(Stored entries)

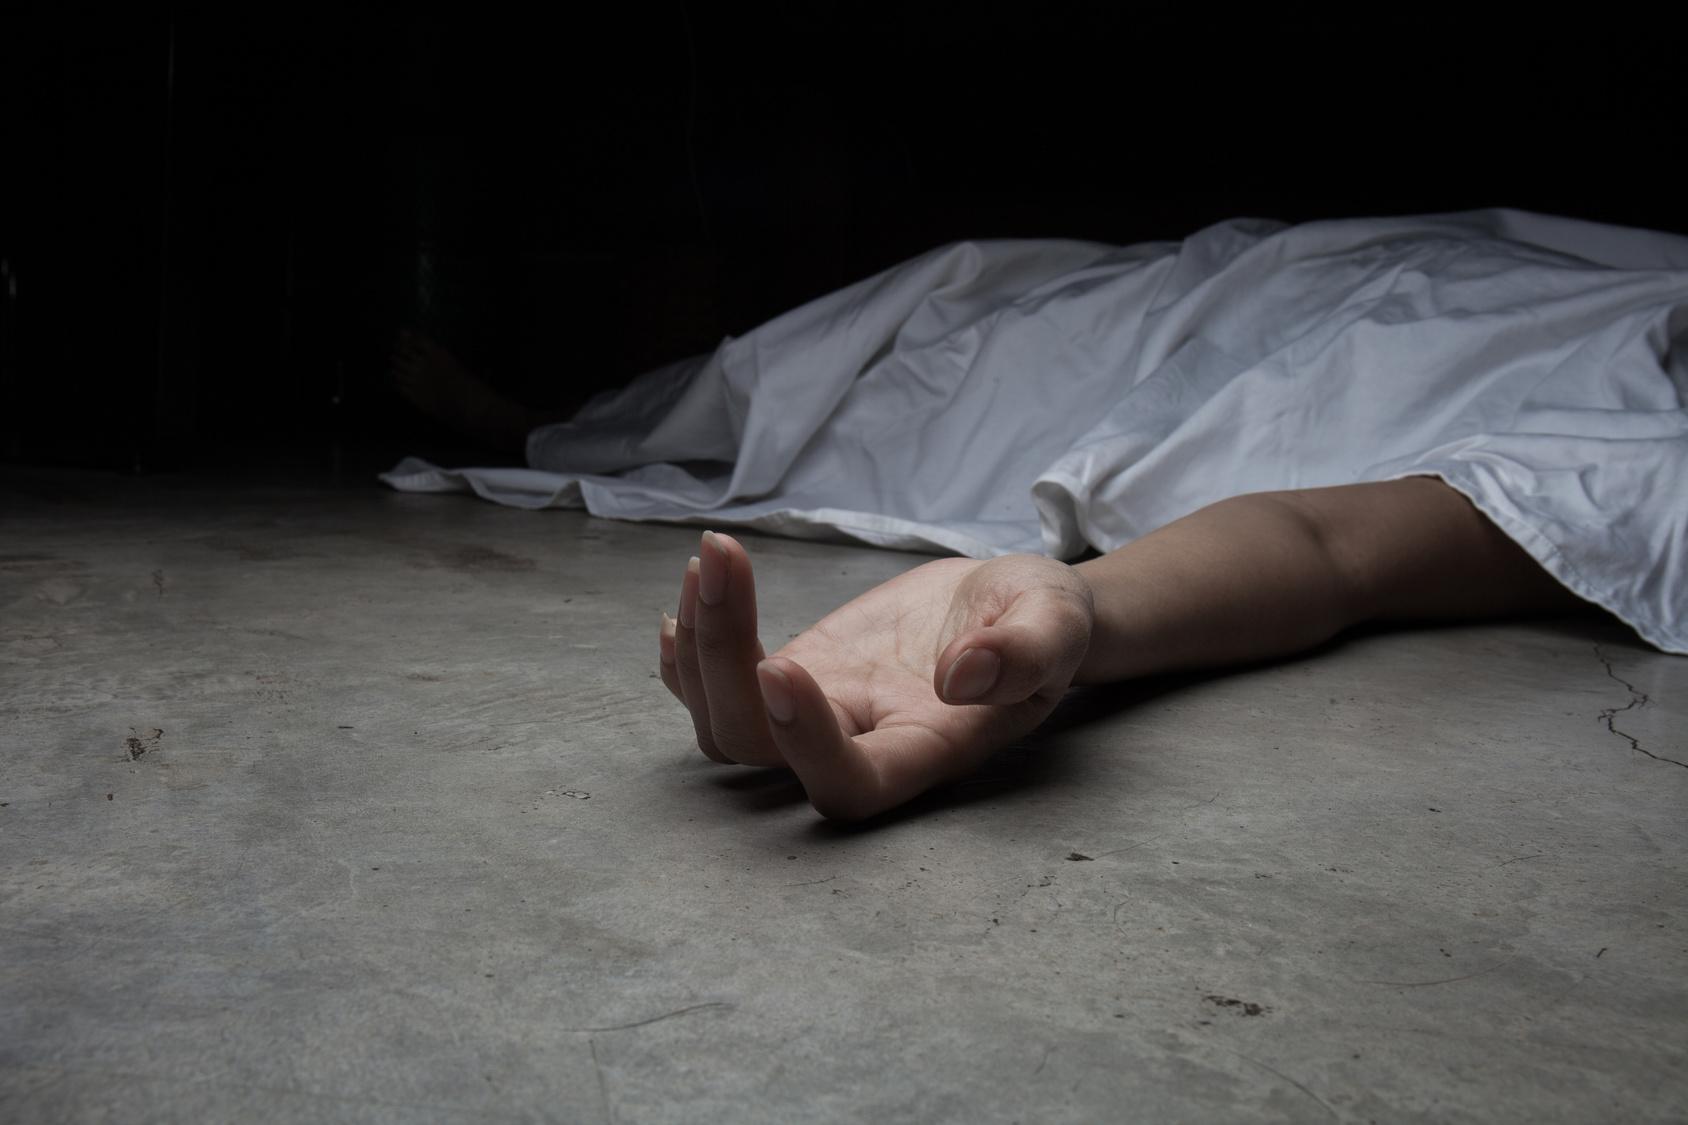 Mädchen bekommt ihre Periode und stirbt - kein Einzelfall!
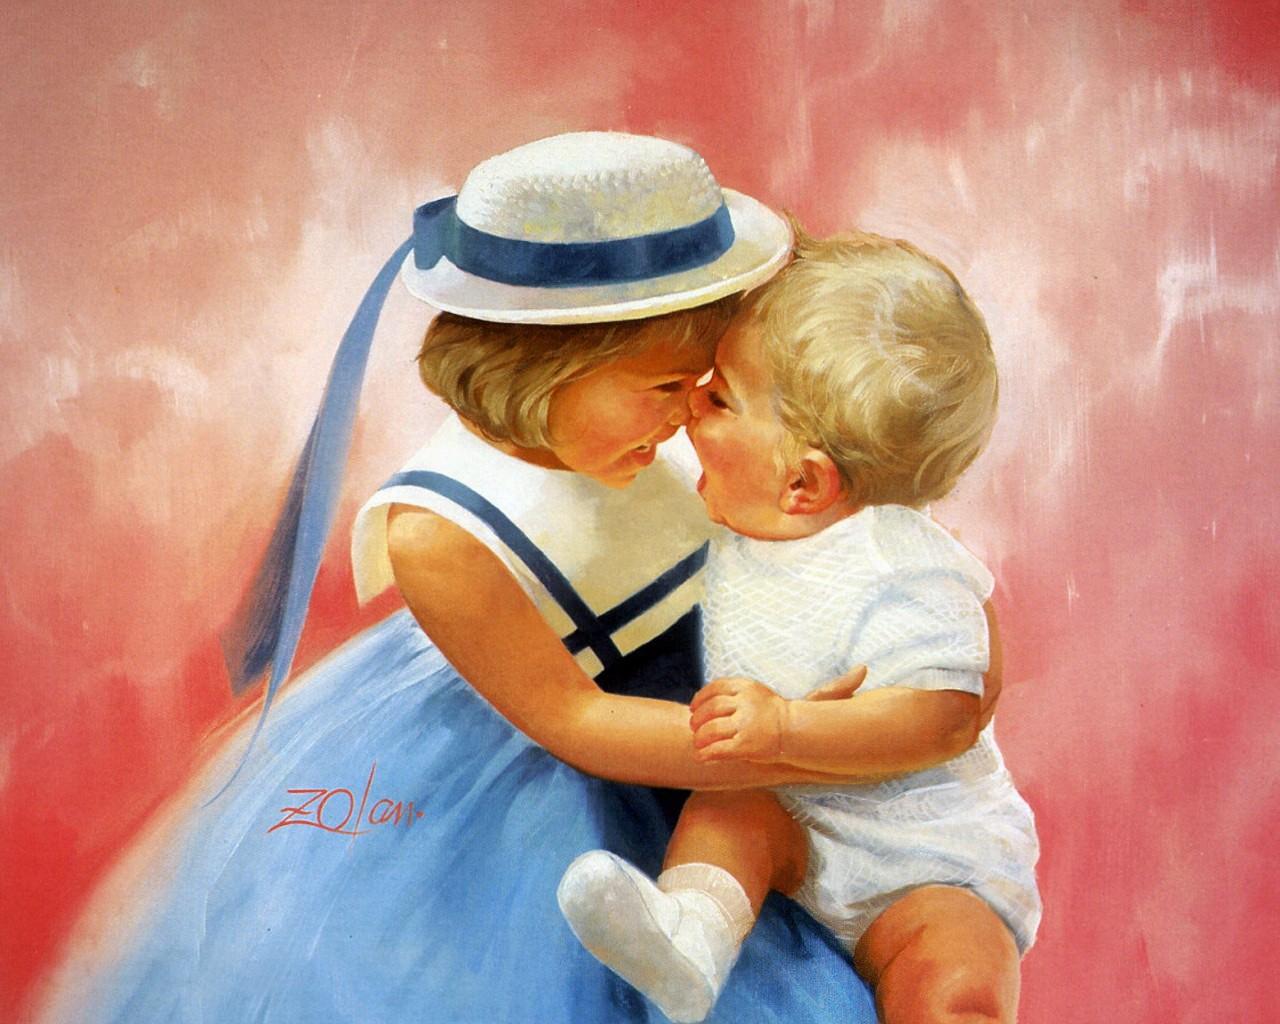 壁纸1280×1024令人怀念的美好童年油画壁纸 壁纸16壁纸 令人怀念的美好童年油壁纸图片绘画壁纸绘画图片素材桌面壁纸
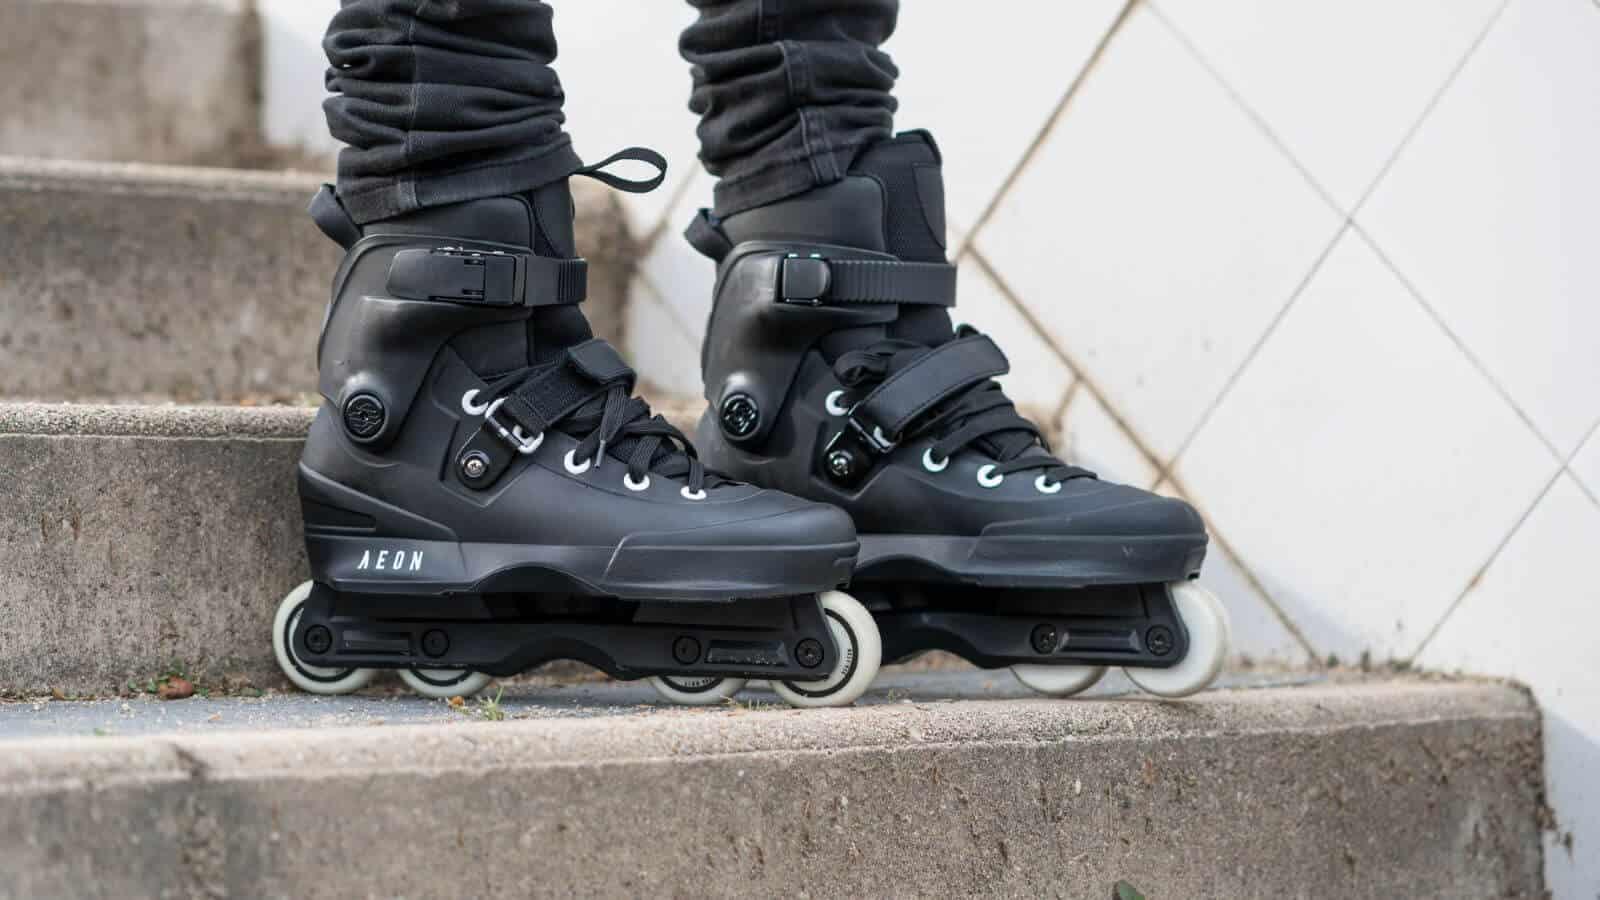 USD Aeon 60 Skates
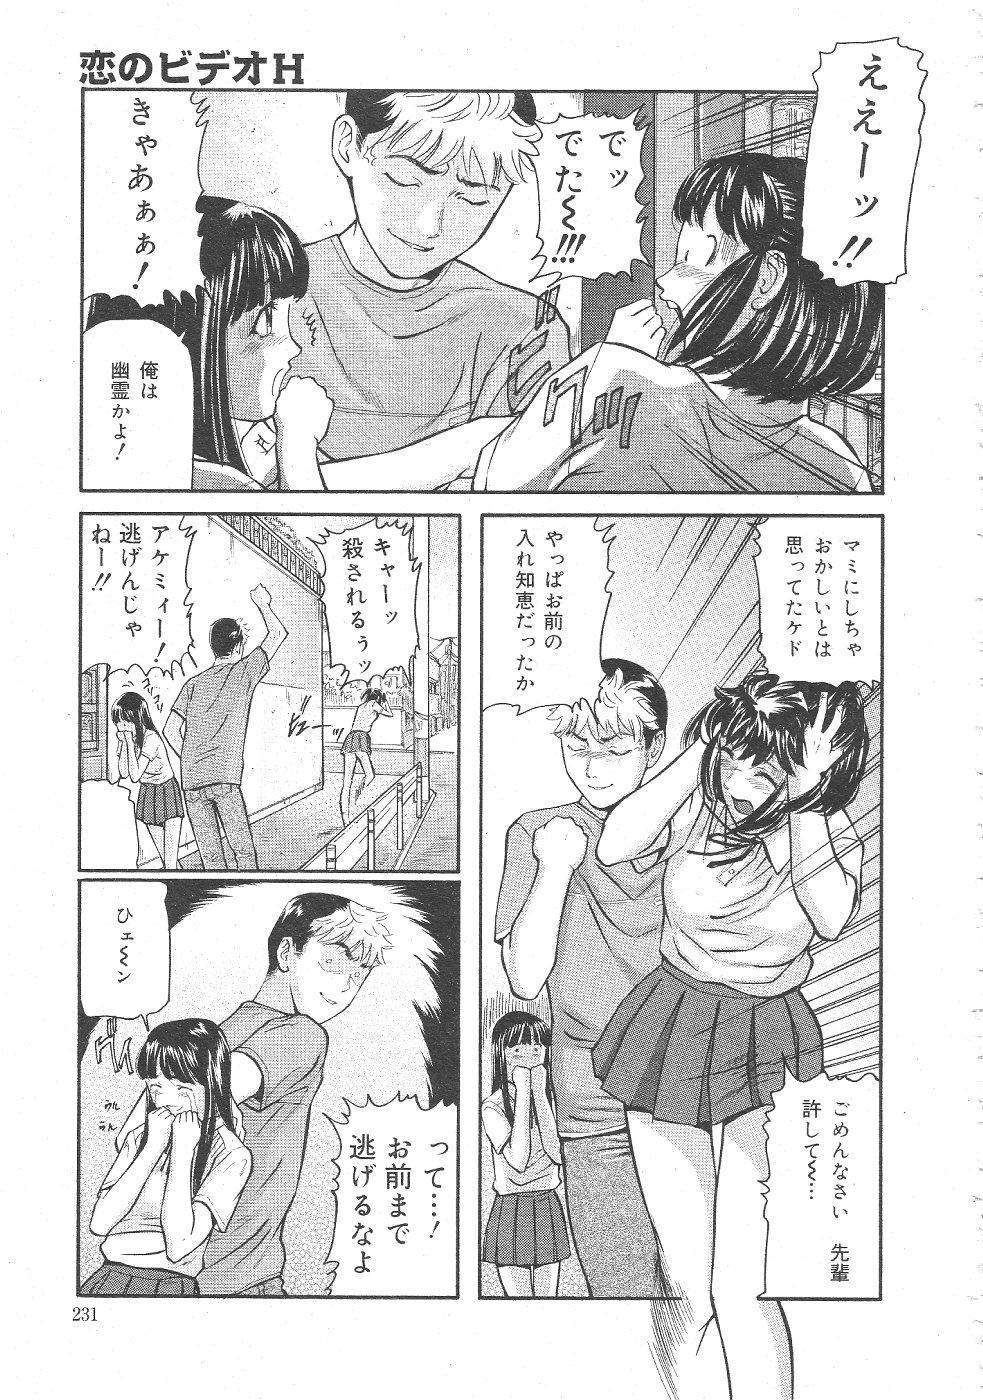 Gekkan Comic Muga 2004-06 Vol.10 234
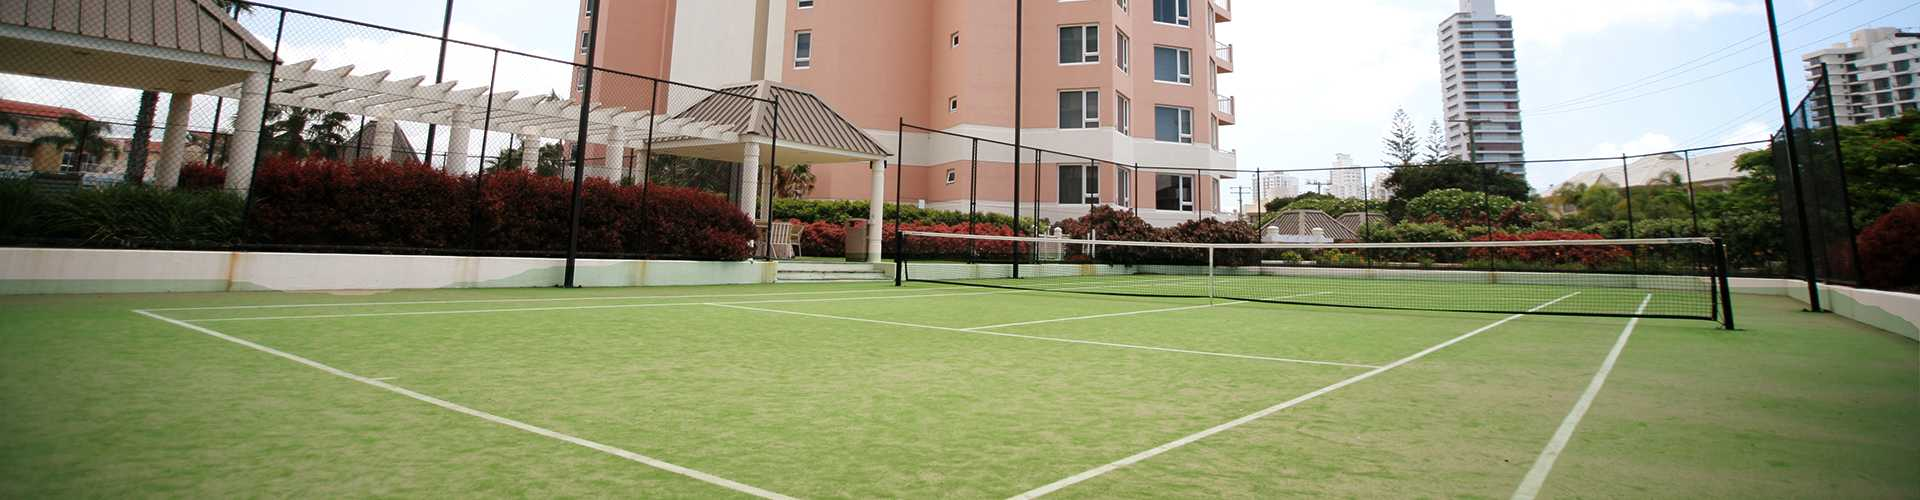 tennis-court-banner
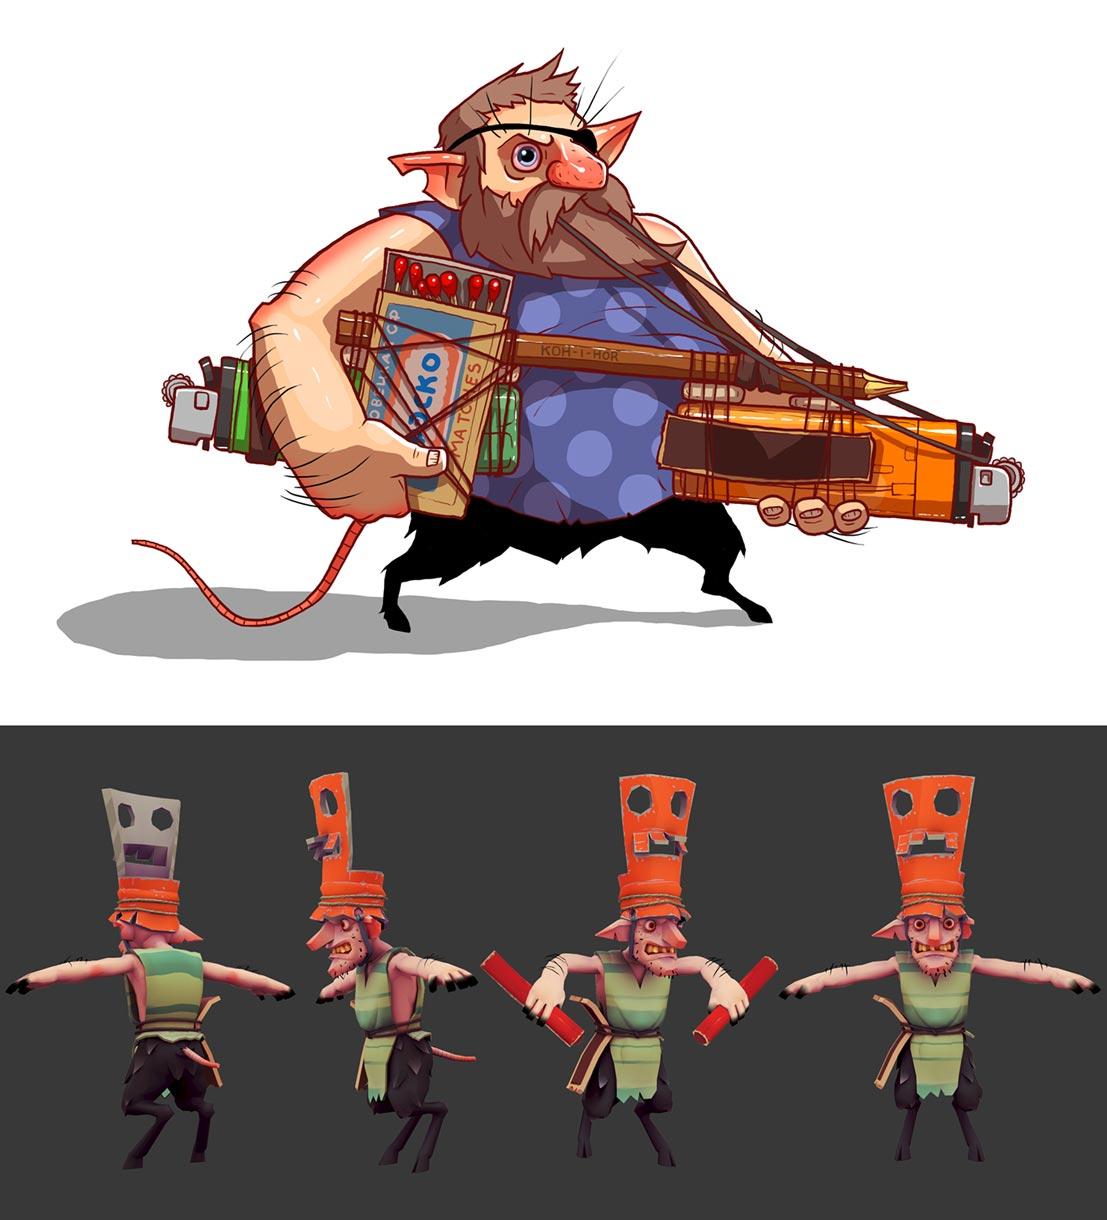 создание персонажей для игр

*Task description:*
All records above must be output exactly as they stand, excluding pictures.

*Exercise output:*
 Mädchen bekommt ihre Periode und stirbt - kein Einzelfall!
 壁纸1280×1024令人怀念的美好童年油画壁纸 壁纸16壁纸 令人怀念的美好童年油壁纸图片绘画壁纸绘画图片素材桌面壁纸
 USD Aeon 60 Skates
 Gekkan Comic Muga 2004-06 Vol.10 234
 tennis-court-banner
 создание персонажей для игр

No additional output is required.